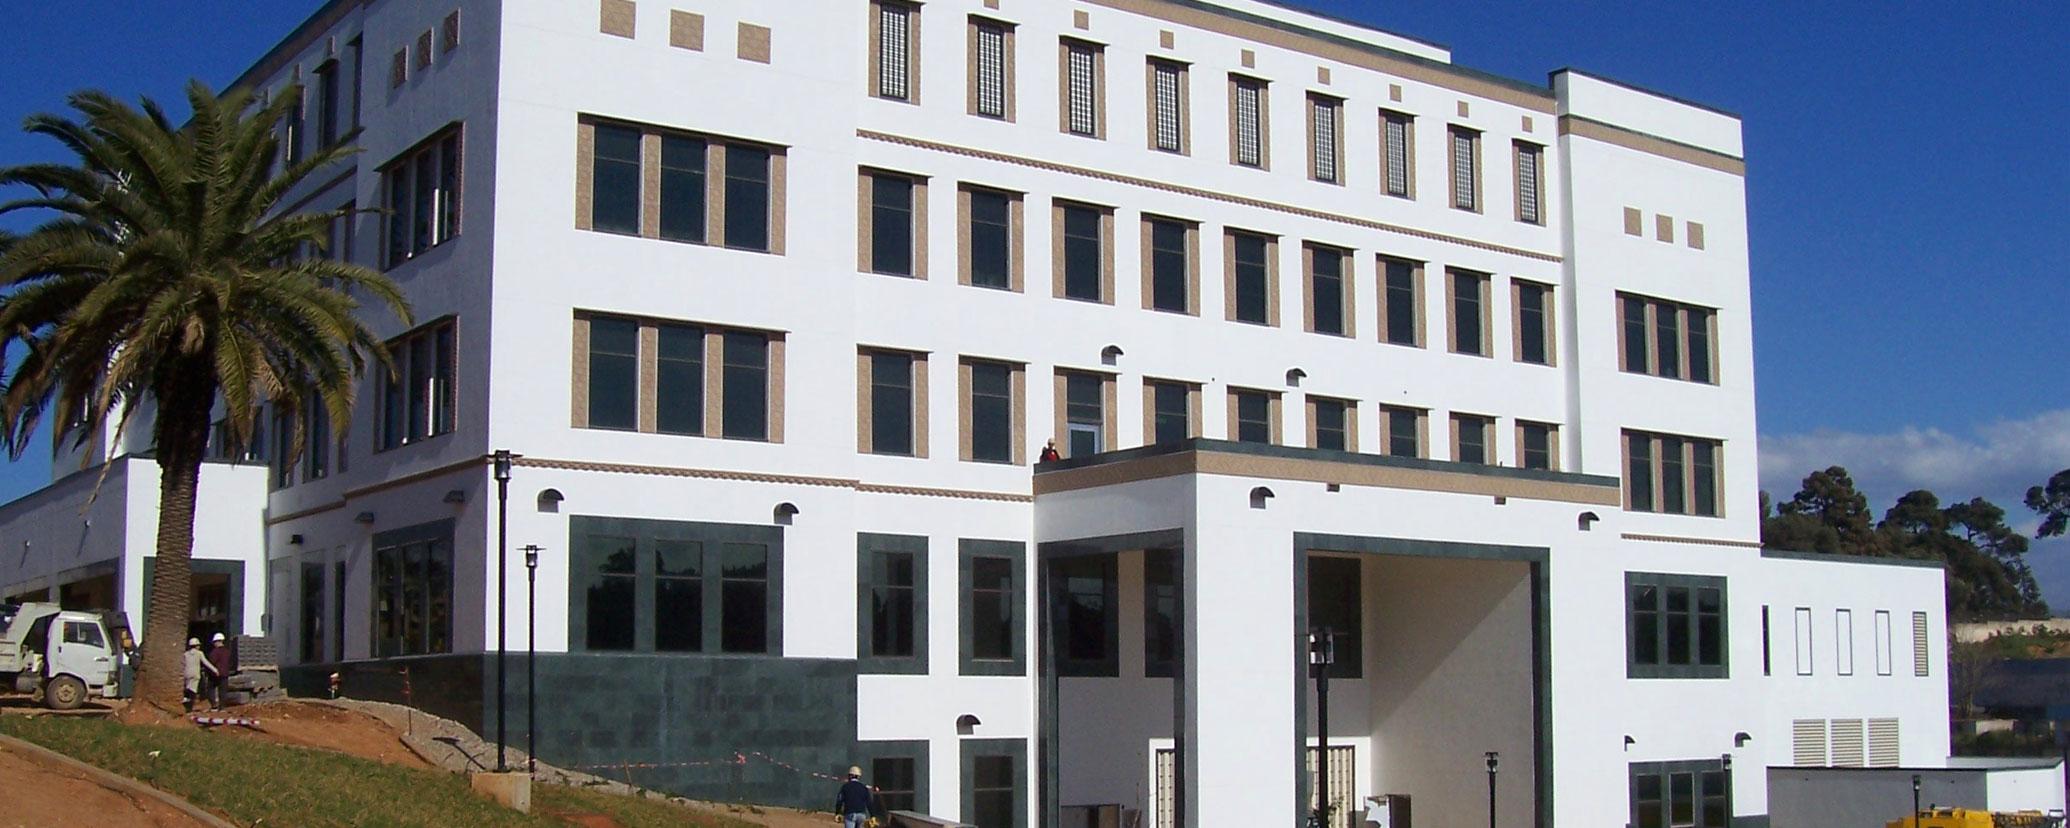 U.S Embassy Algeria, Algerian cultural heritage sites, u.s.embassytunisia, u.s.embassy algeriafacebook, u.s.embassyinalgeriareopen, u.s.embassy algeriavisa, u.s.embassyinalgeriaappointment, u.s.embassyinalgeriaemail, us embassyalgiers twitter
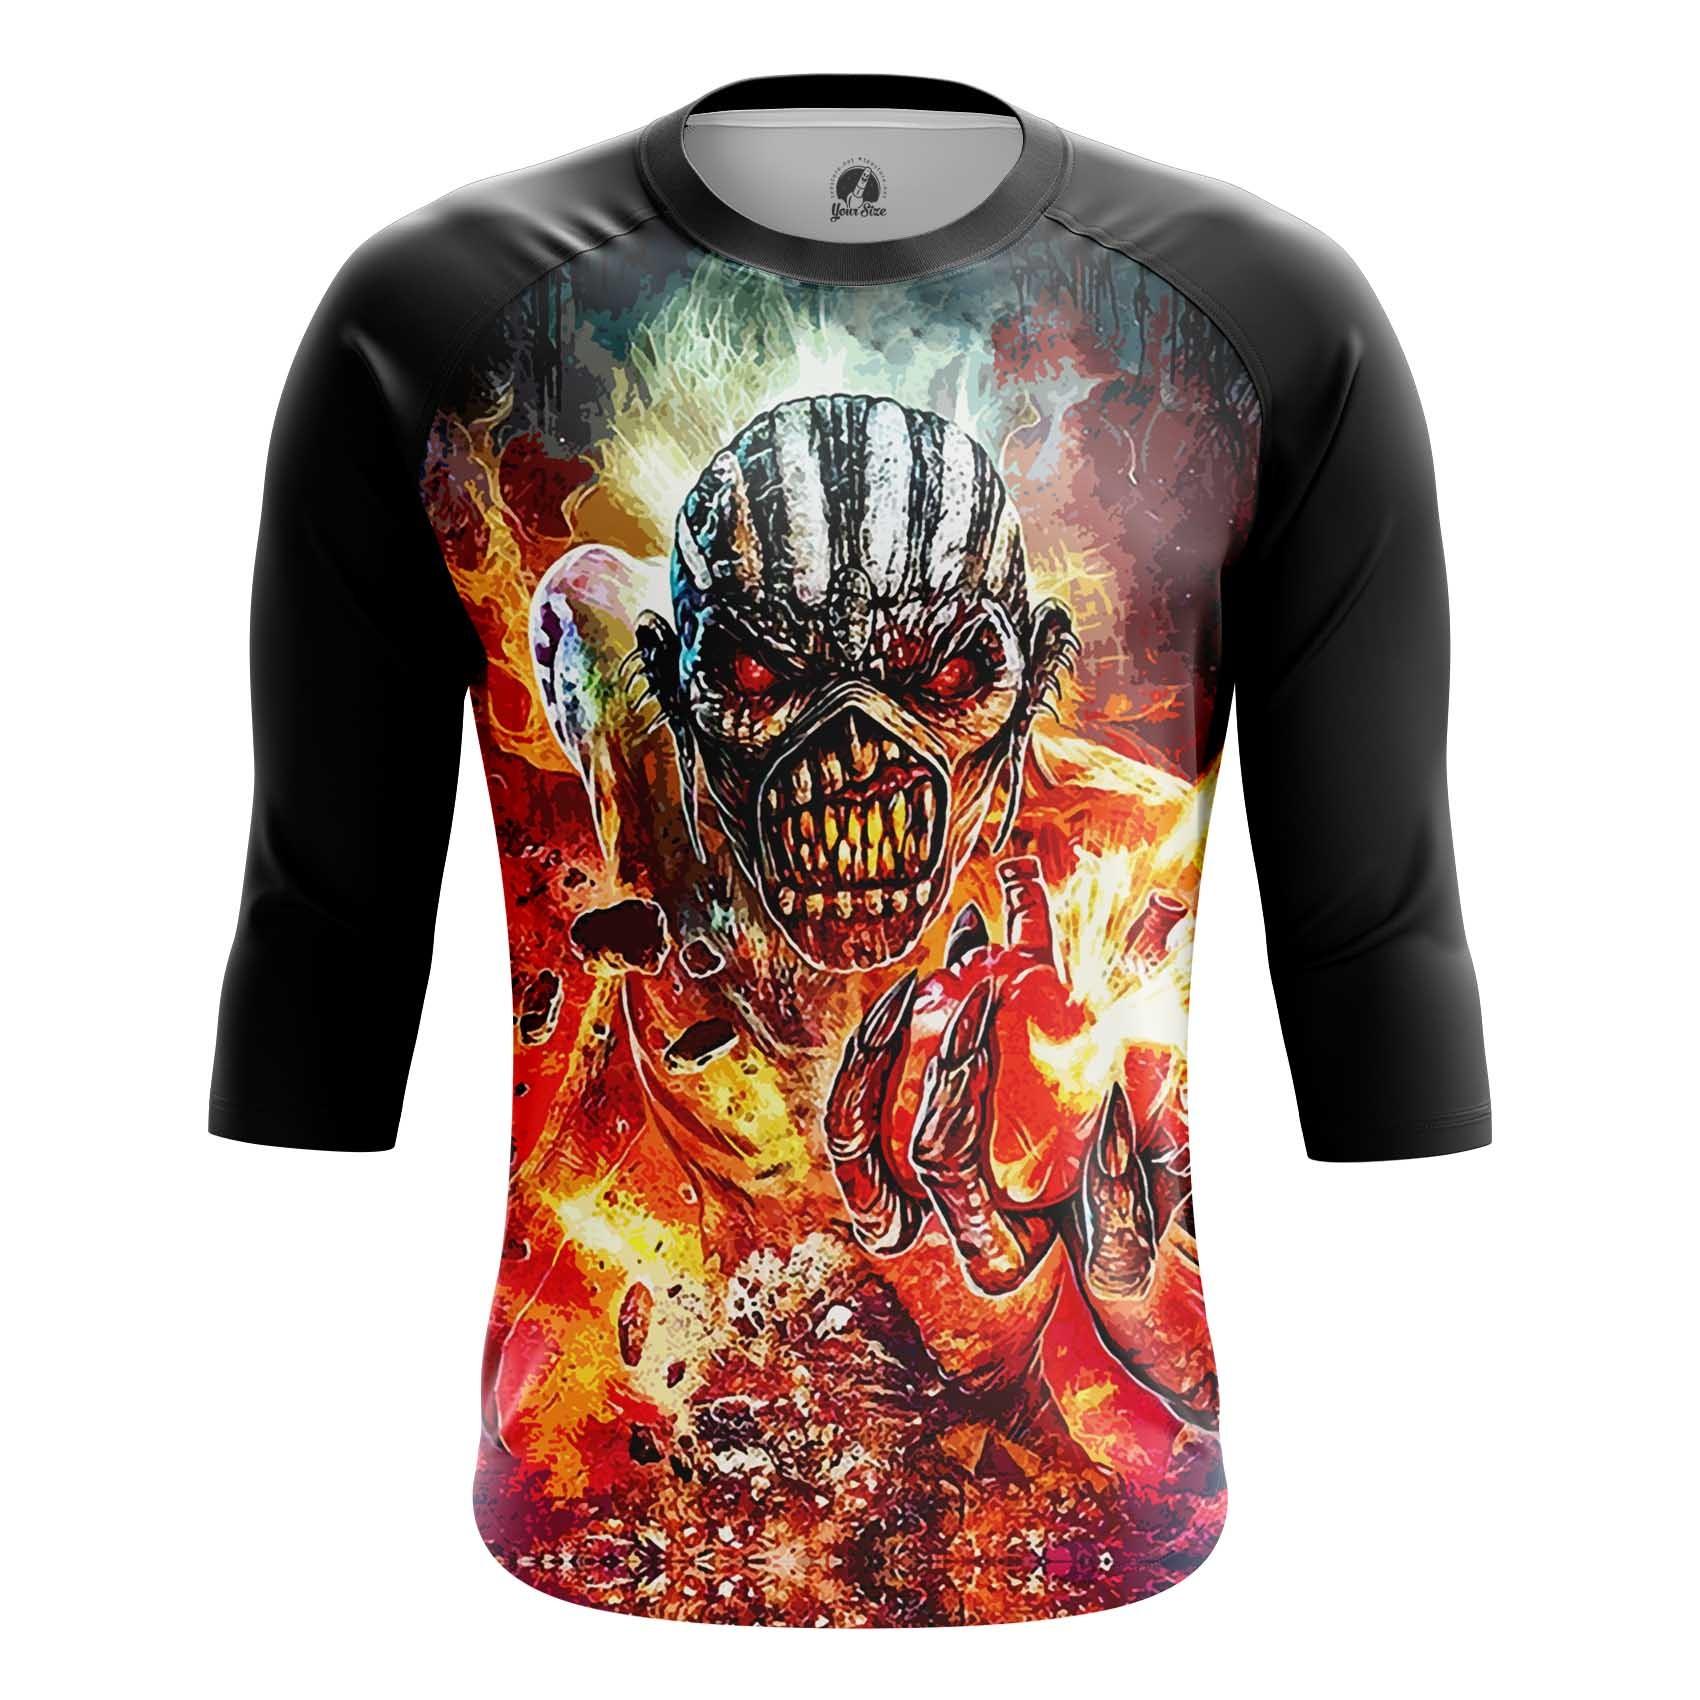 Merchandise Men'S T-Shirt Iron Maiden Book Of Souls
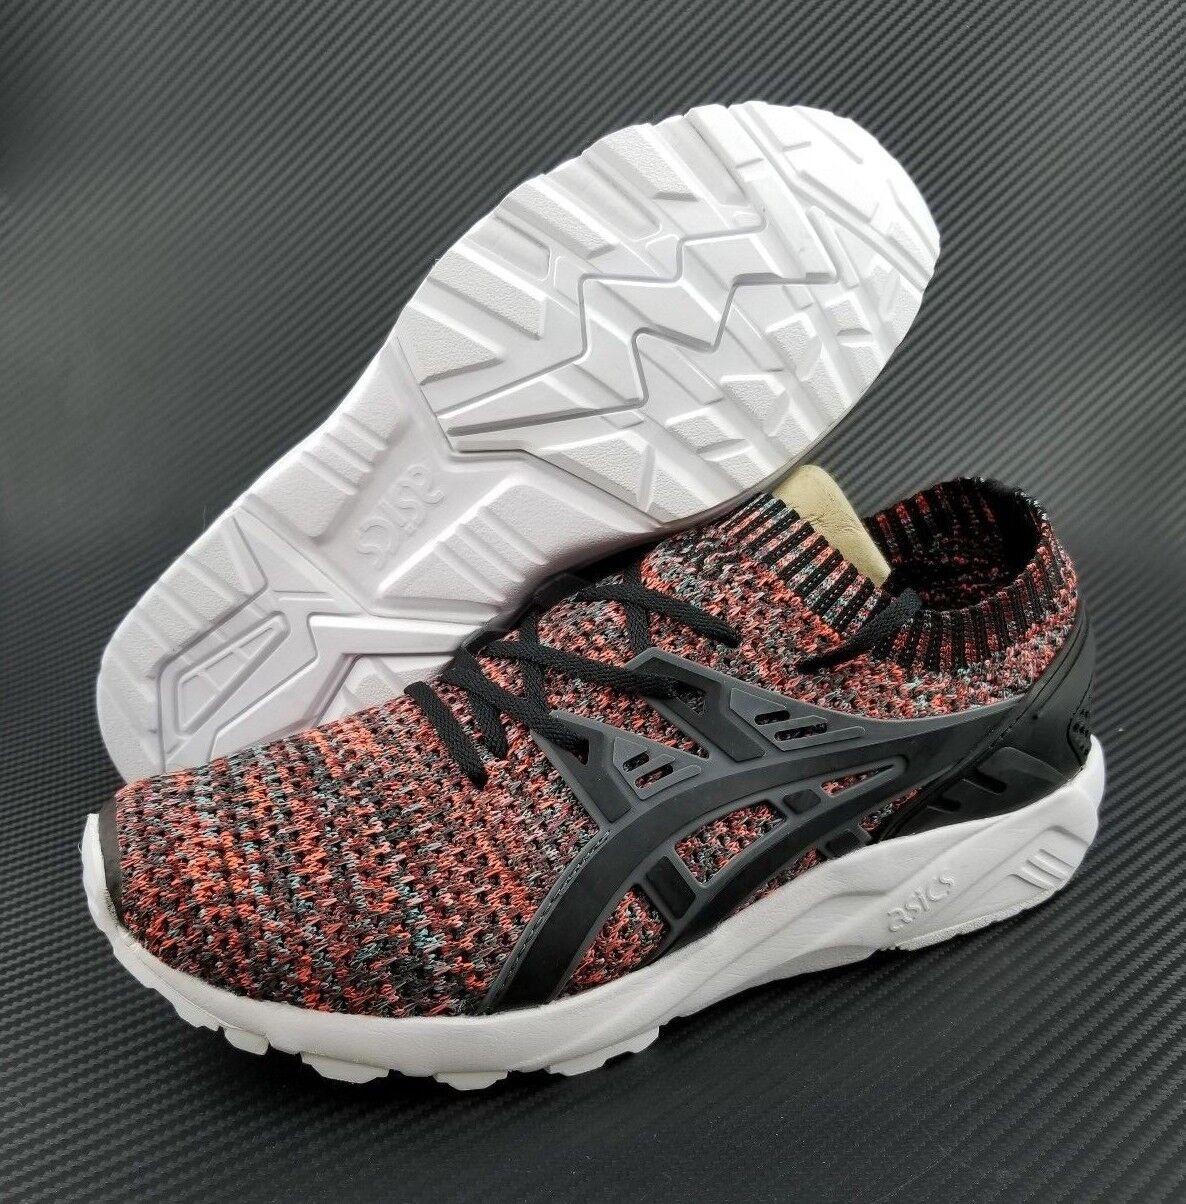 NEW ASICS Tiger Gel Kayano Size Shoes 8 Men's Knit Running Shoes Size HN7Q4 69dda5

Description of the task: Reproduce the data exactly as it appears above. Pictures are to be left out.

Written reply:
 U.S Embassy Algeria, Algerian cultural heritage sites, u.s.embassytunisia, u.s.embassy algeriafacebook, u.s.embassyinalgeriareopen, u.s.embassy algeriavisa, u.s.embassyinalgeriaappointment, u.s.embassyinalgeriaemail, us embassyalgiers twitter
 Merchandise Men'S T-Shirt Iron Maiden Book Of Souls
 NEW ASICS Tiger Gel Kayano Size Shoes 8 Men's Knit Running Shoes Size HN7Q4 69dda5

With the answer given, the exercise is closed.